使用集成方法计算蛋白质 - RNA 复合物中结合能热点。

Computational identification of binding energy hot spots in protein-RNA complexes using an ensemble approach.

机构信息

School of Software, Central South University, Changsha 410075, China.

School of Electronics and Computer Science, Zhejiang Wanli University, Ningbo 315100, China.

出版信息

Bioinformatics. 2018 May 1;34(9):1473-1480. doi: 10.1093/bioinformatics/btx822.
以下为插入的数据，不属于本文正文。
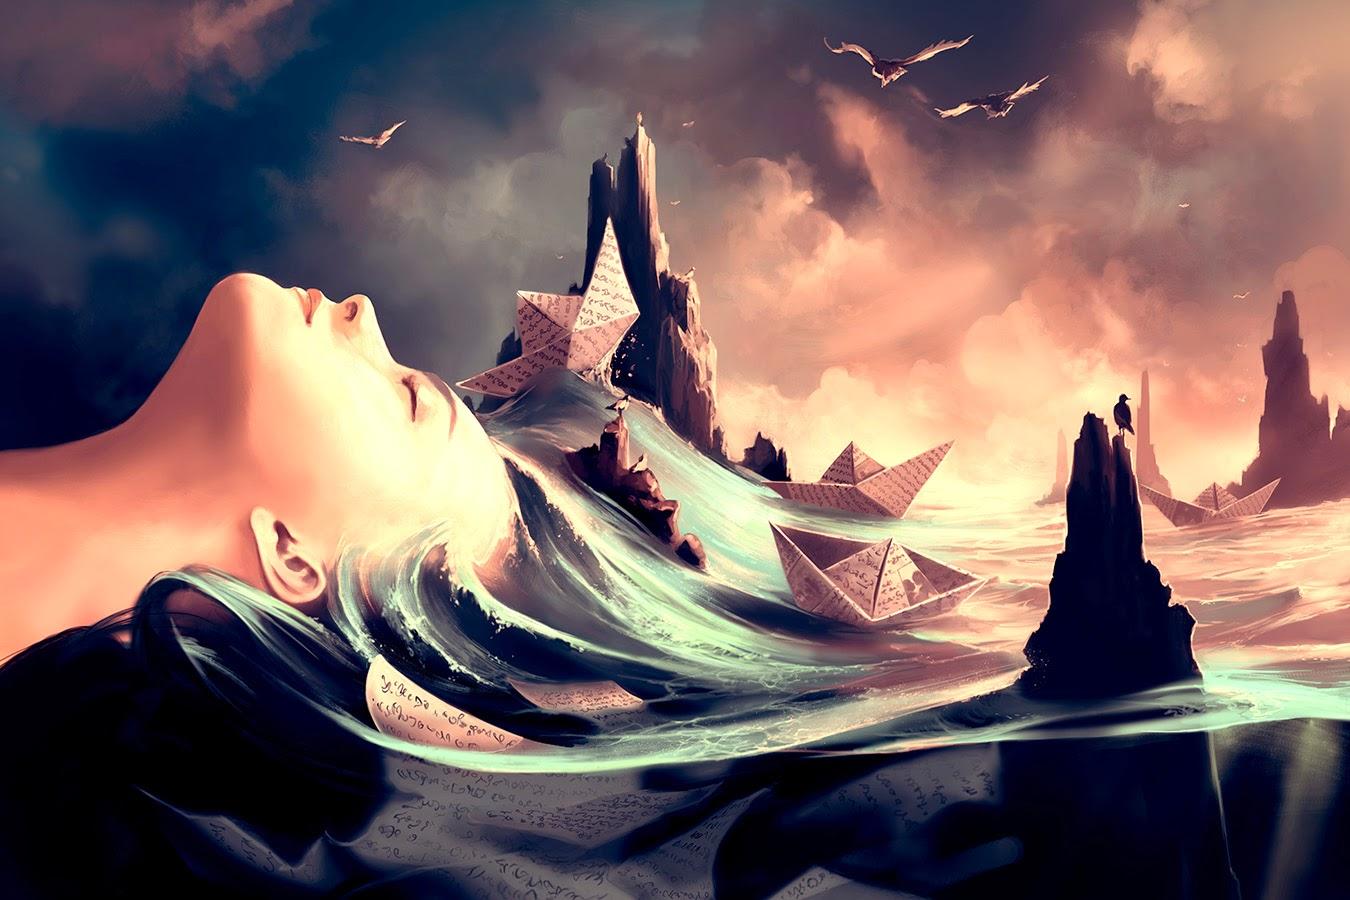 13-Katharsis-Rolando-Cyril-aquasixio-Surreal-Fantasy-Otherworldly-Art-www-designstack-co

DOI:10.1093/bioinformatics/btx822

PMID:29281004

Abstract

MOTIVATION

Identifying RNA-binding residues, especially energetically favored hot spots, can provide valuable clues for understanding the mechanisms and functional importance of protein-RNA interactions. Yet, limited availability of experimentally recognized energy hot spots in protein-RNA crystal structures leads to the difficulties in developing empirical identification approaches. Computational prediction of RNA-binding hot spot residues is still in its infant stage.

RESULTS

Here, we describe a computational method, PrabHot (Prediction of protein-RNA binding hot spots), that can effectively detect hot spot residues on protein-RNA binding interfaces using an ensemble of conceptually different machine learning classifiers. Residue interaction network features and new solvent exposure characteristics are combined together and selected for classification with the Boruta algorithm. In particular, two new reference datasets (benchmark and independent) have been generated containing 107 hot spots from 47 known protein-RNA complex structures. In 10-fold cross-validation on the training dataset, PrabHot achieves promising performances with an AUC score of 0.86 and a sensitivity of 0.78, which are significantly better than that of the pioneer RNA-binding hot spot prediction method HotSPRing. We also demonstrate the capability of our proposed method on the independent test dataset and gain a competitive advantage as a result.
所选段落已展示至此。